- Directions for this task
Starting at the line that holds "Photo 19: Photos: 5441", restate every line word for word up to and including the last one in the listing below, and omit all pictures.
===== Data section =====
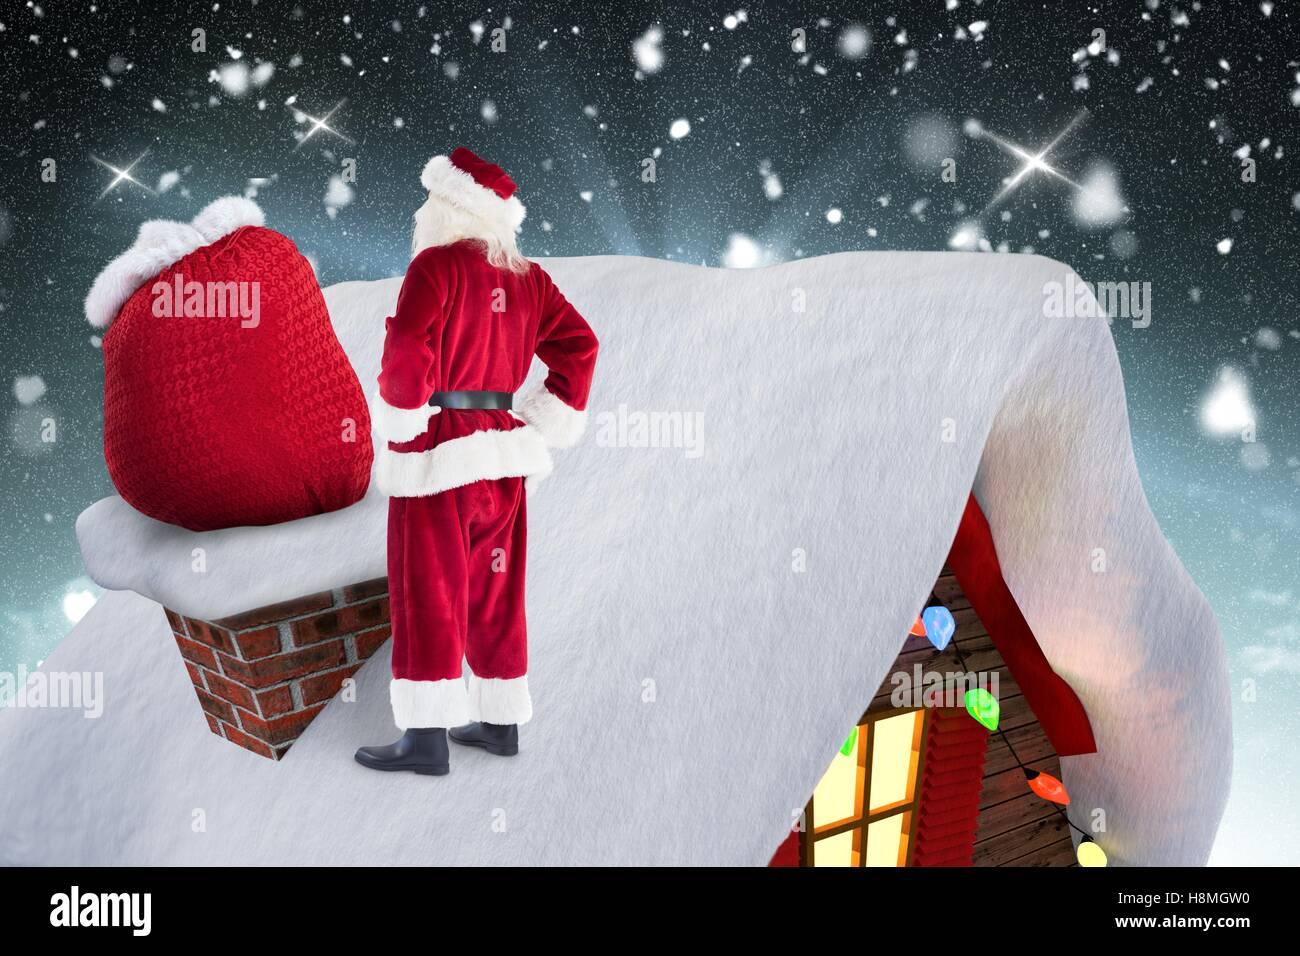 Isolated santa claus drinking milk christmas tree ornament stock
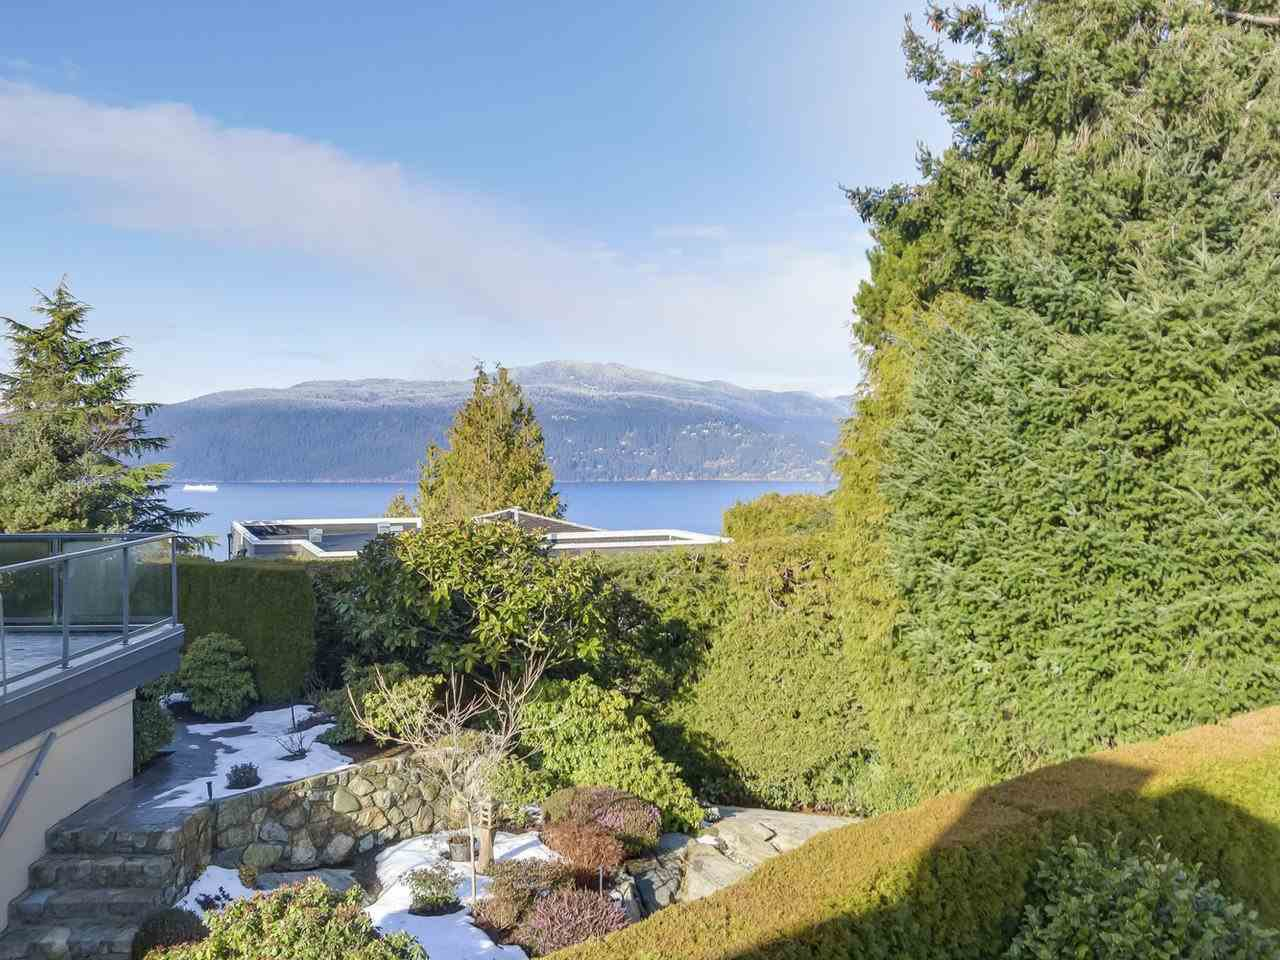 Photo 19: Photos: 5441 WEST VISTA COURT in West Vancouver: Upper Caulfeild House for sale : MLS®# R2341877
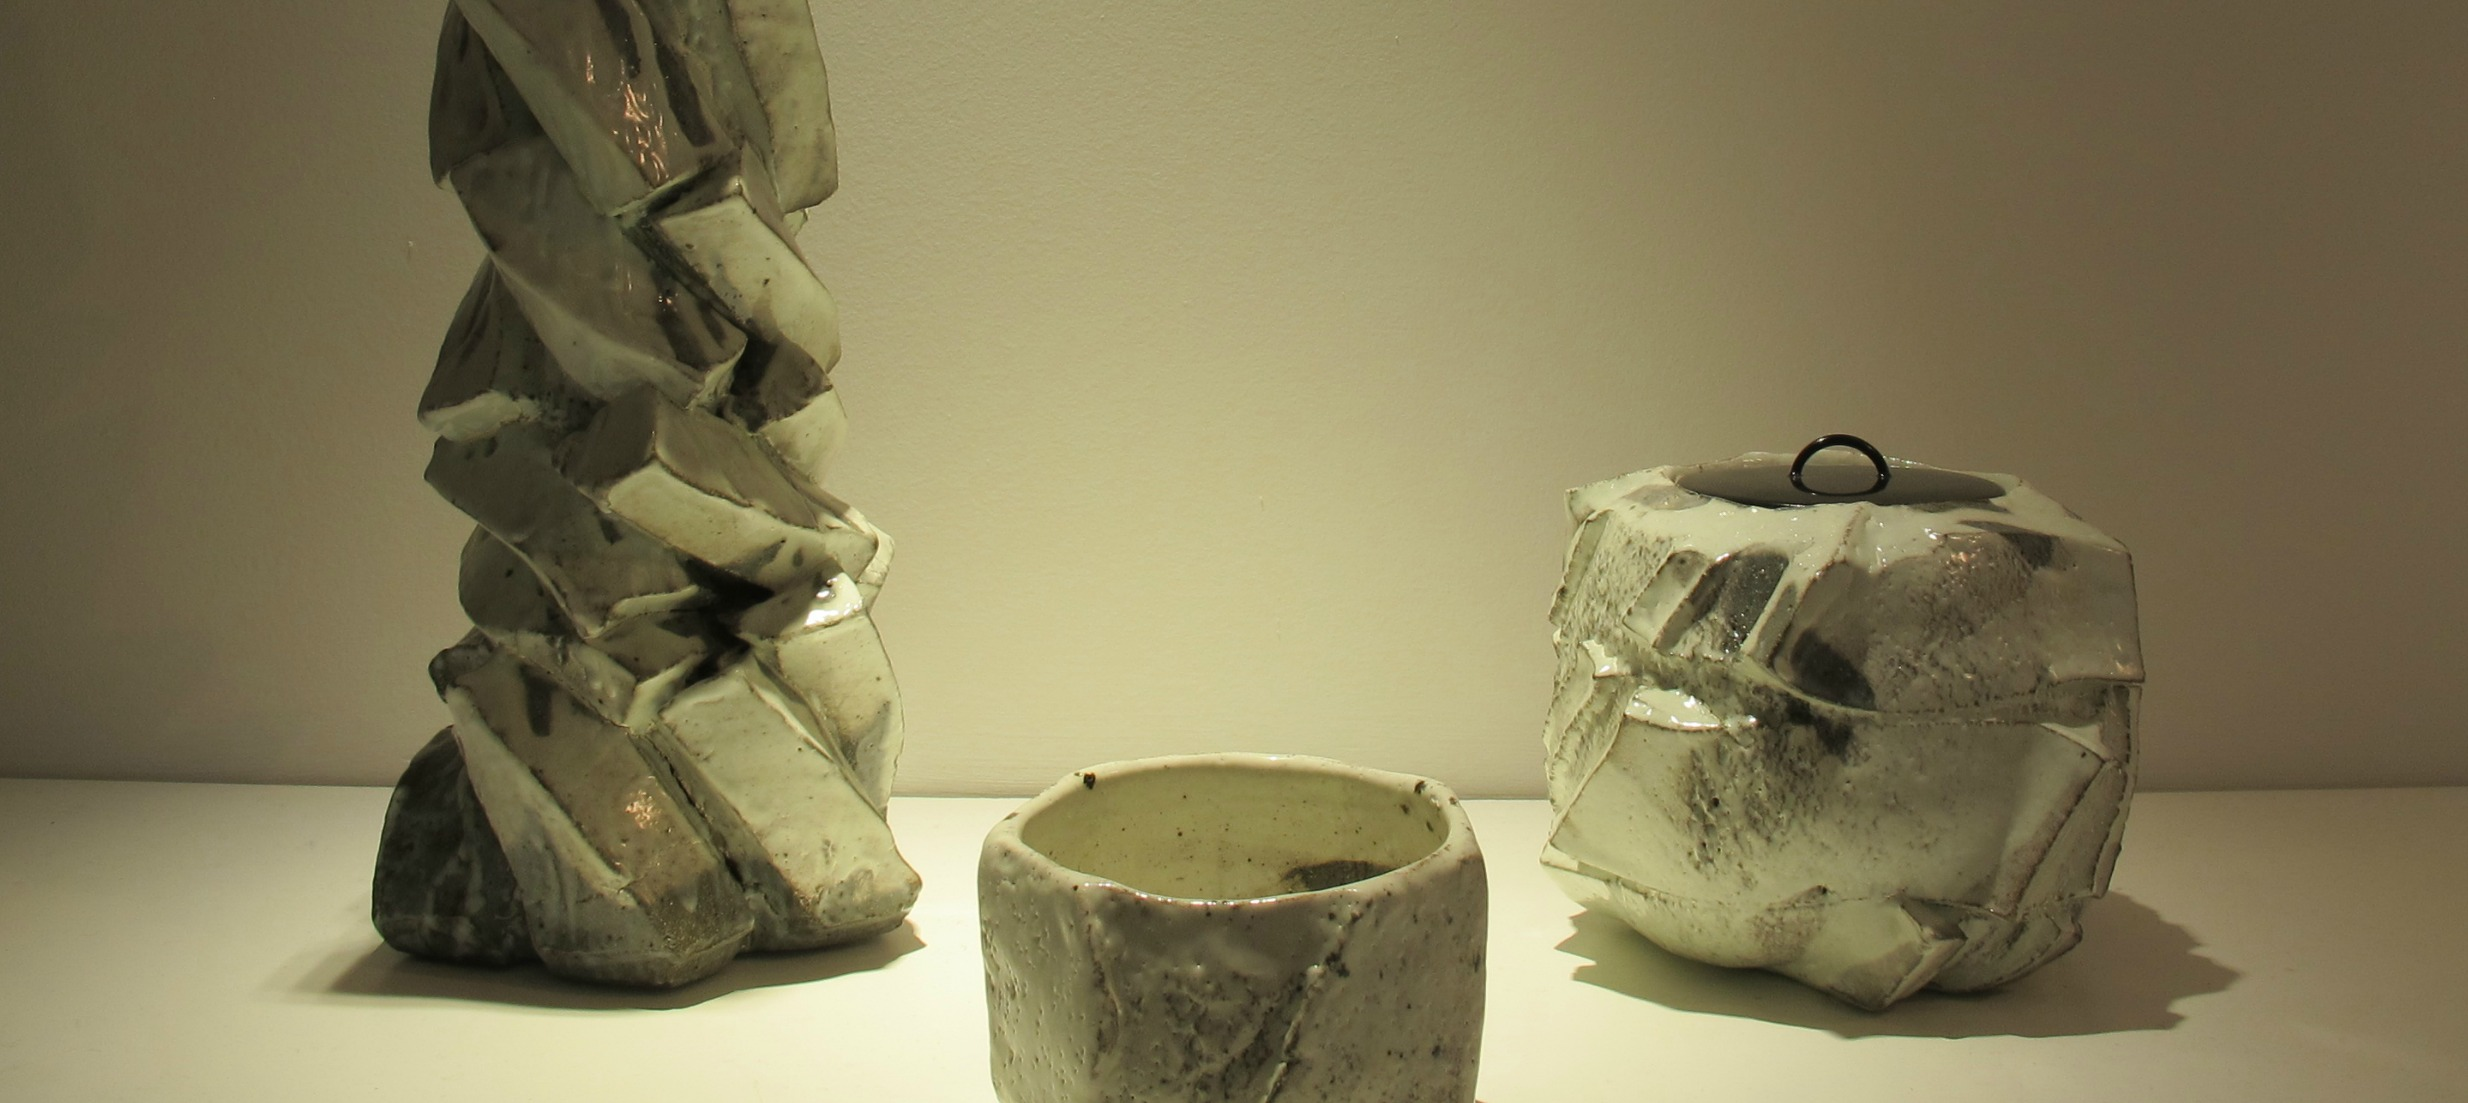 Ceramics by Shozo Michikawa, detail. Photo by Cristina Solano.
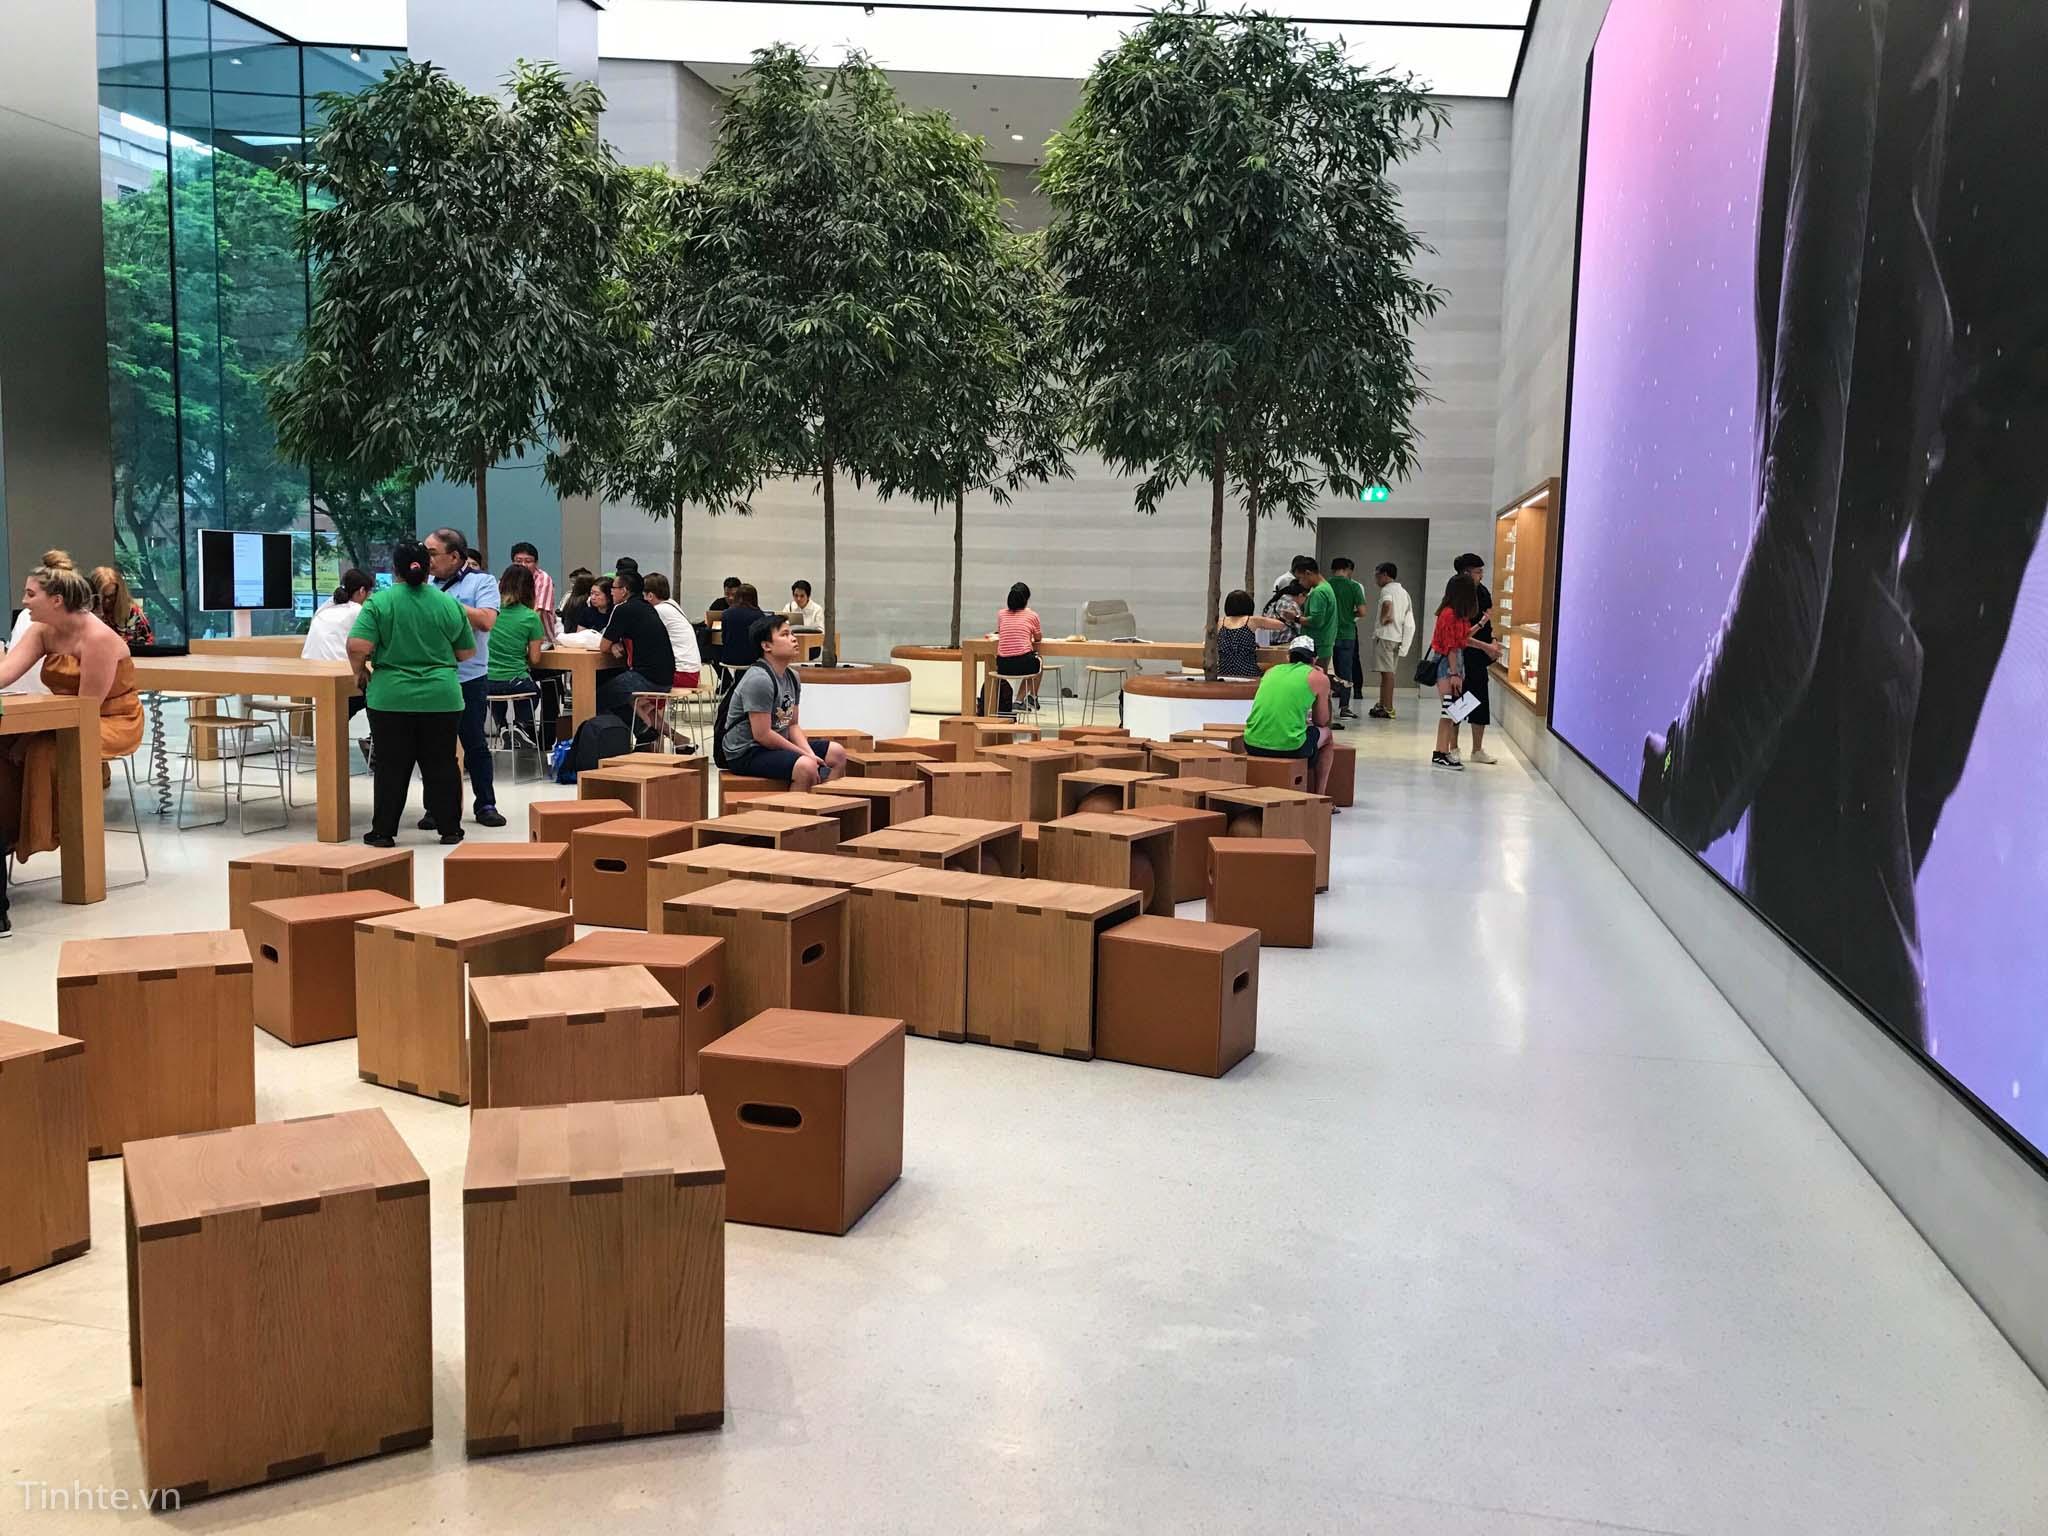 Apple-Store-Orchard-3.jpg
=====
- Written solution
 Photo 19: Photos: 5441 WEST VISTA COURT in West Vancouver: Upper Caulfeild House for sale : MLS®# R2341877
 Ceramics by Shozo Michikawa, detail. Photo by Cristina Solano.
 Apple-Store-Orchard-3.jpg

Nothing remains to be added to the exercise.